Start of DATA SEGMENT
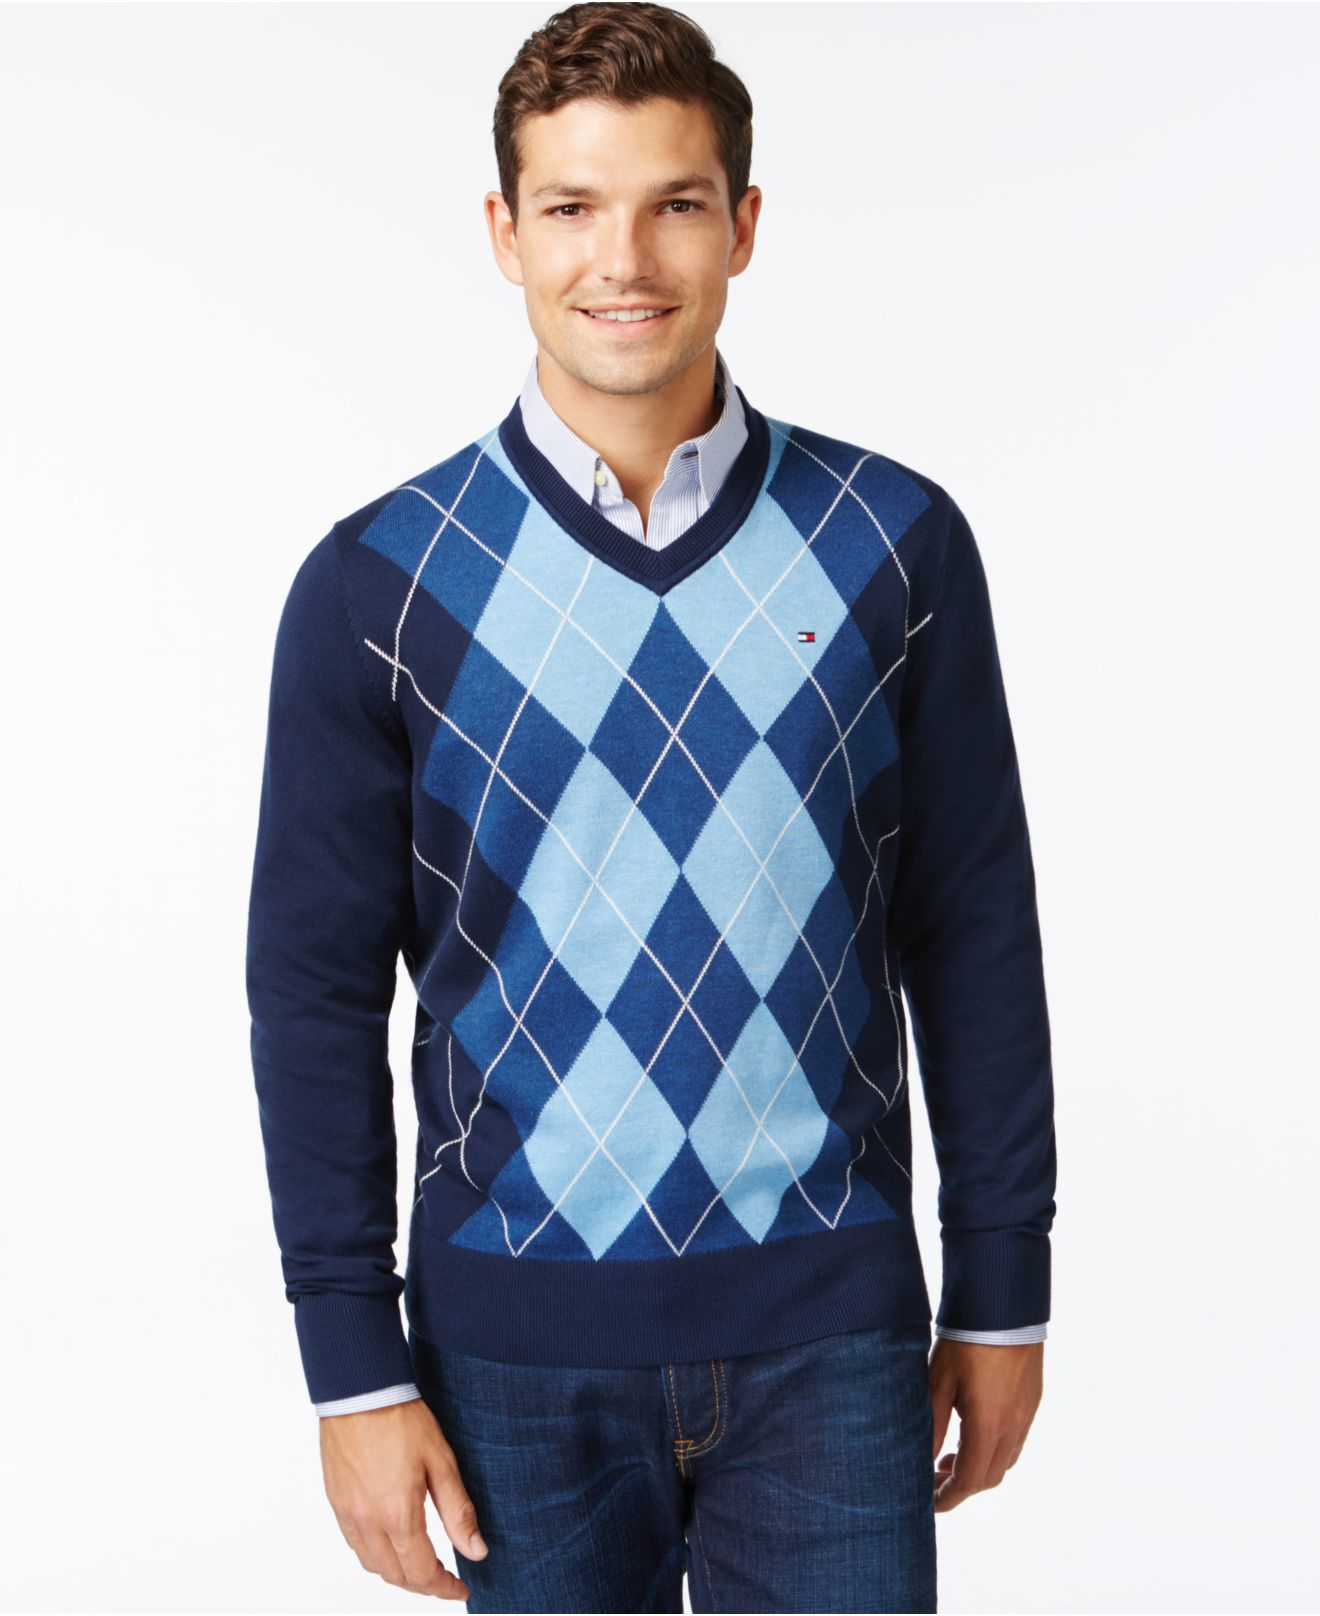 Tommy Hilfiger Signature Argyle Sweater in Blue for Men - Lyst
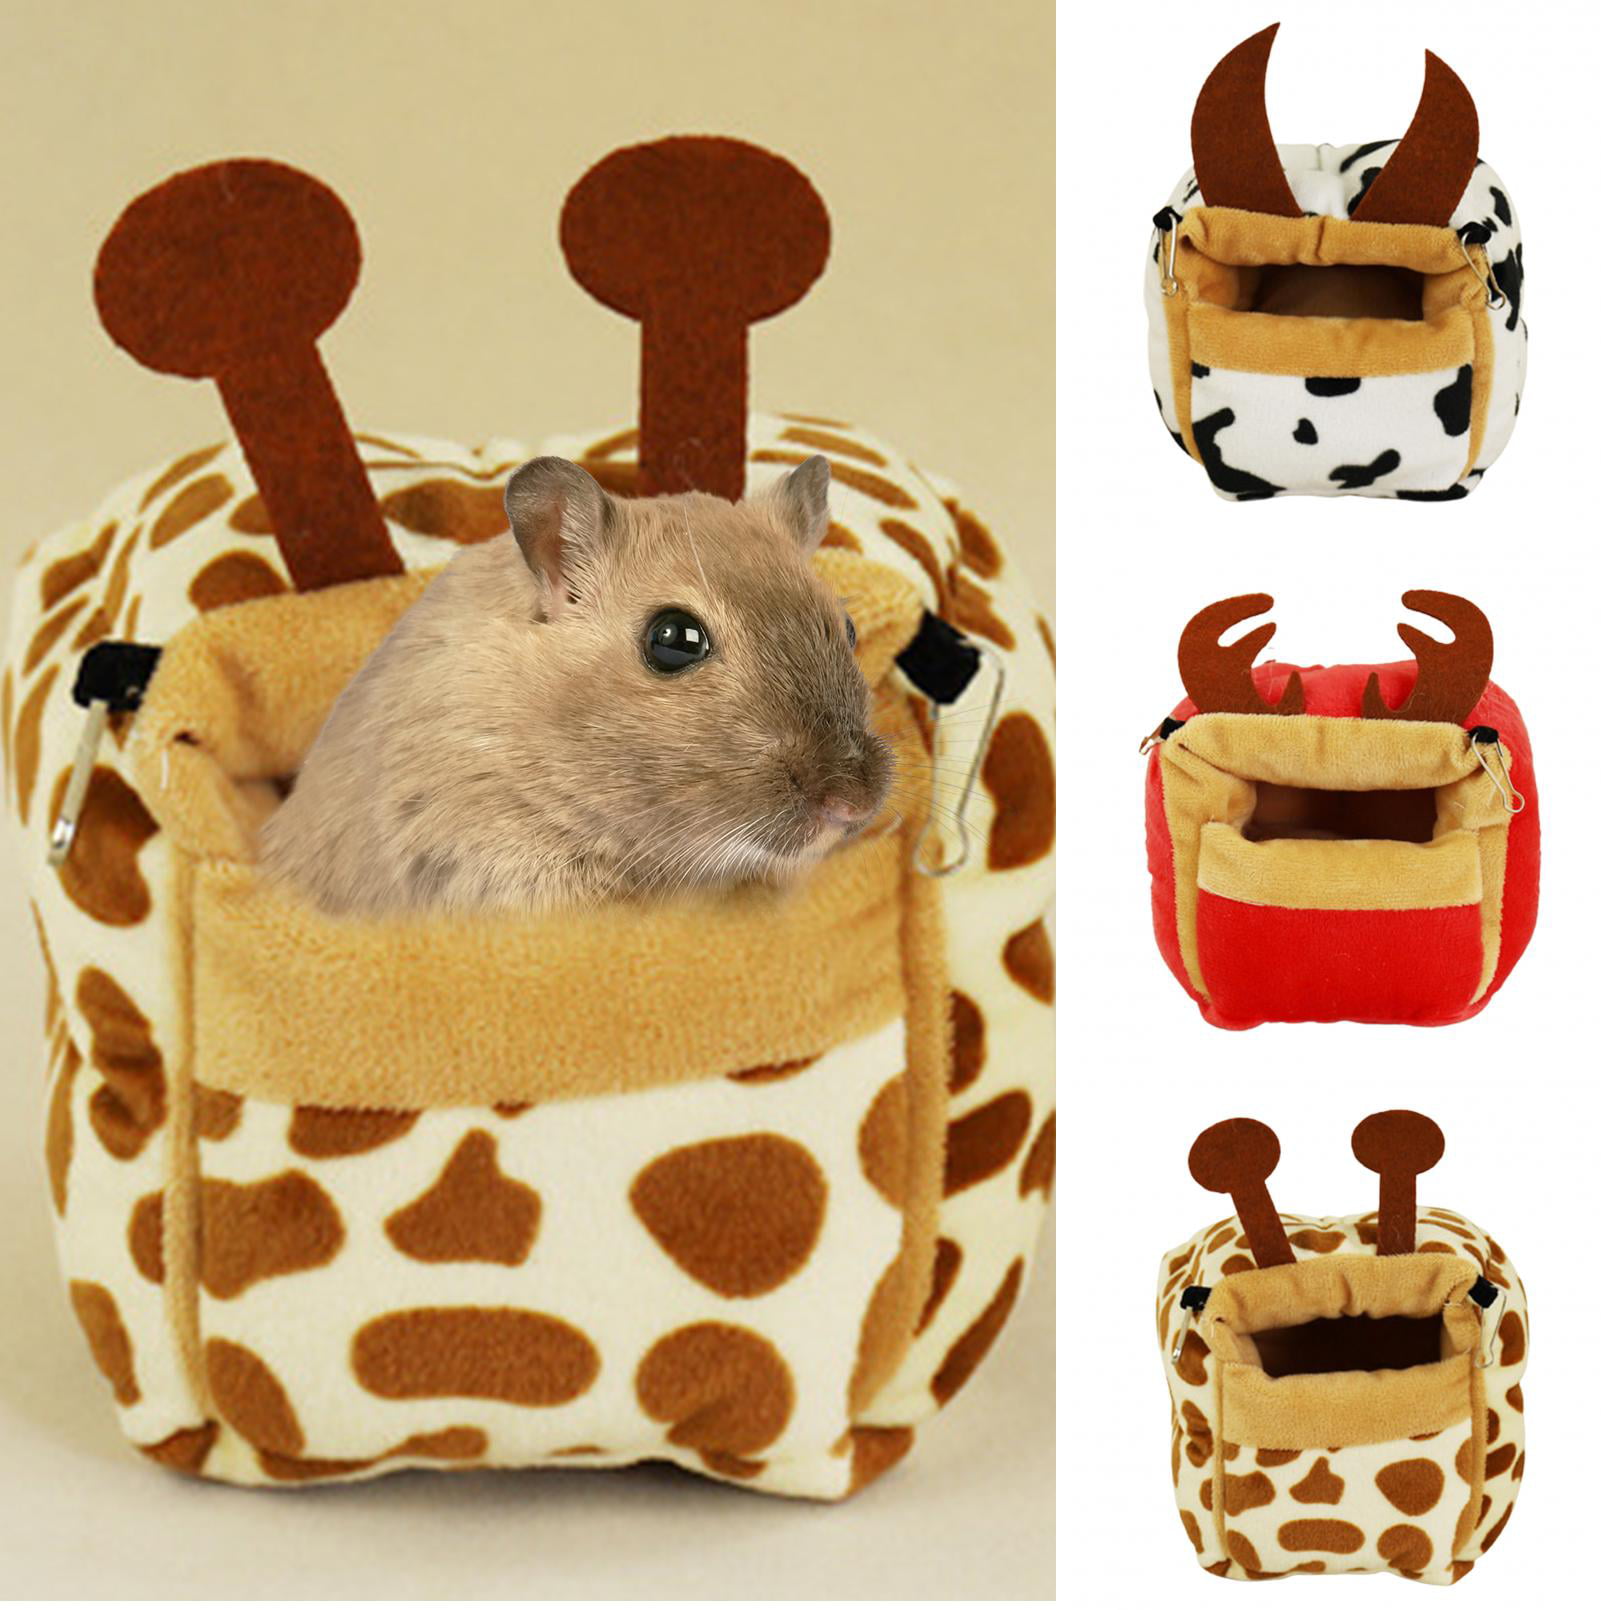 Hamster House Bed Small Pet Squirrel Hedgehog Chinchilla Guinea Pig Bed House Cage Nest Hamster Accessories Bed for Hamster ferret rabbit Animals Small Cotton Sleep Nest House Hanging new yellow 
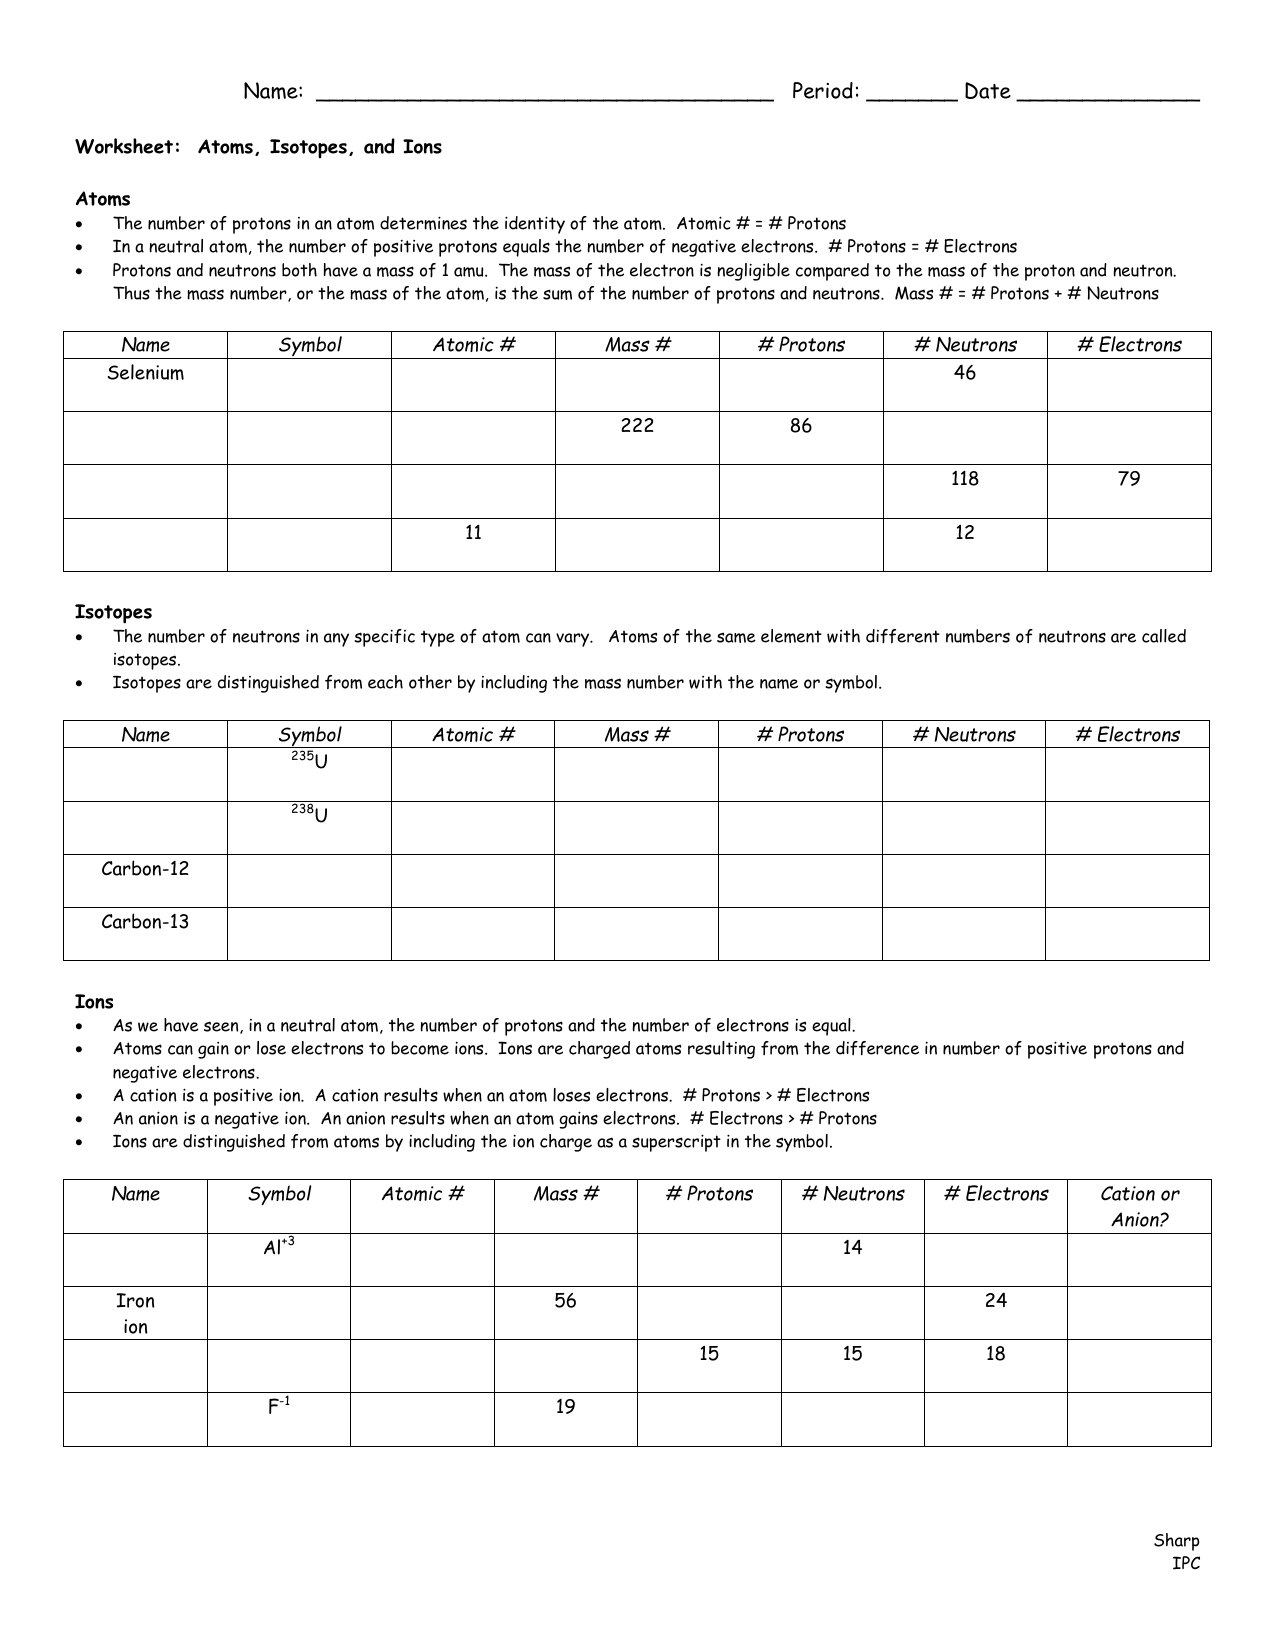 Atoms, Isotopes, & Ions Worksheet With Atoms And Ions Worksheet Answers
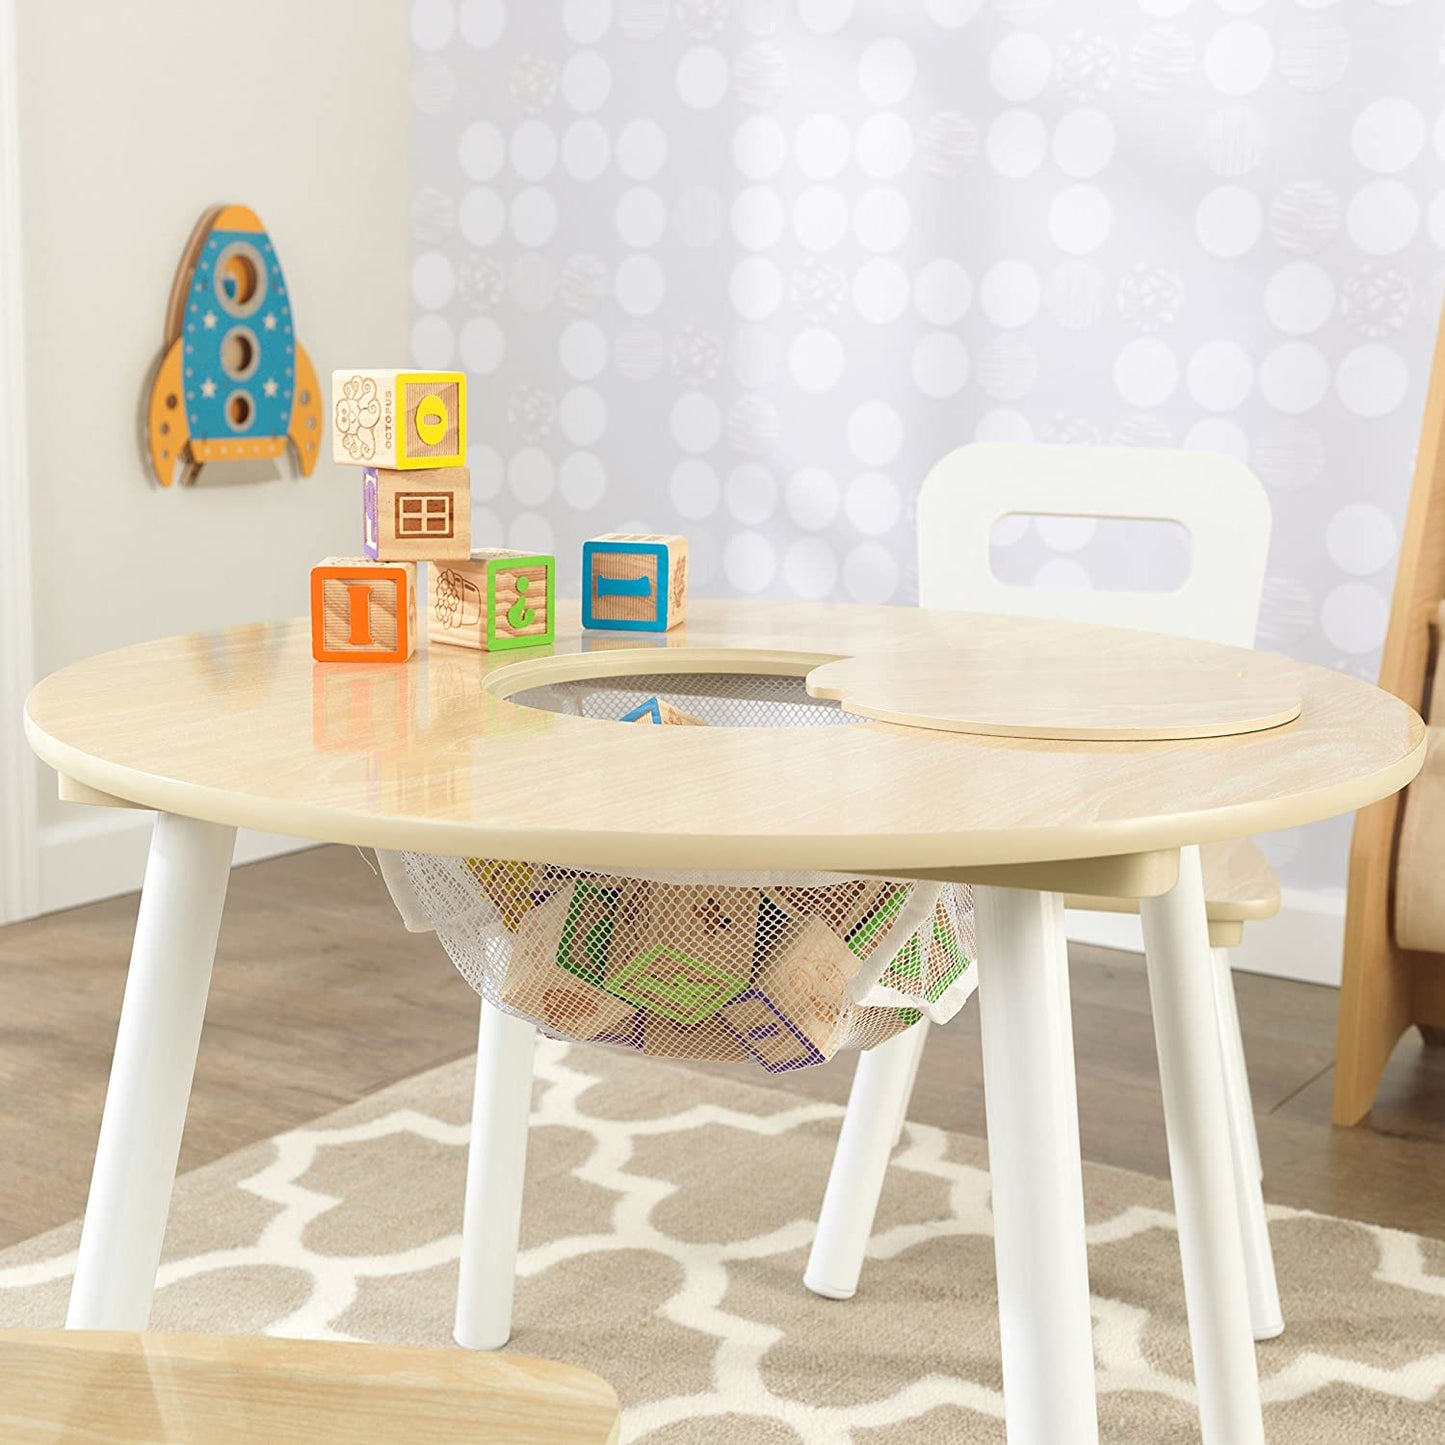 Round Table and 2 Chair Set for children (White Natural) - Little Kids Business
End of DATA SEGMENT
# [WHAT YOU NEED TO DO]
In your copy, leave out the pictures and reproduce the material above exactly.

# [ANSWER FOR THE TASK]
 Tommy Hilfiger Signature Argyle Sweater in Blue for Men - Lyst
 Hamster House Bed Small Pet Squirrel Hedgehog Chinchilla Guinea Pig Bed House Cage Nest Hamster Accessories Bed for Hamster ferret rabbit Animals Small Cotton Sleep Nest House Hanging new yellow 
 Atoms, Isotopes, & Ions Worksheet With Atoms And Ions Worksheet Answers
 Round Table and 2 Chair Set for children (White Natural) - Little Kids Business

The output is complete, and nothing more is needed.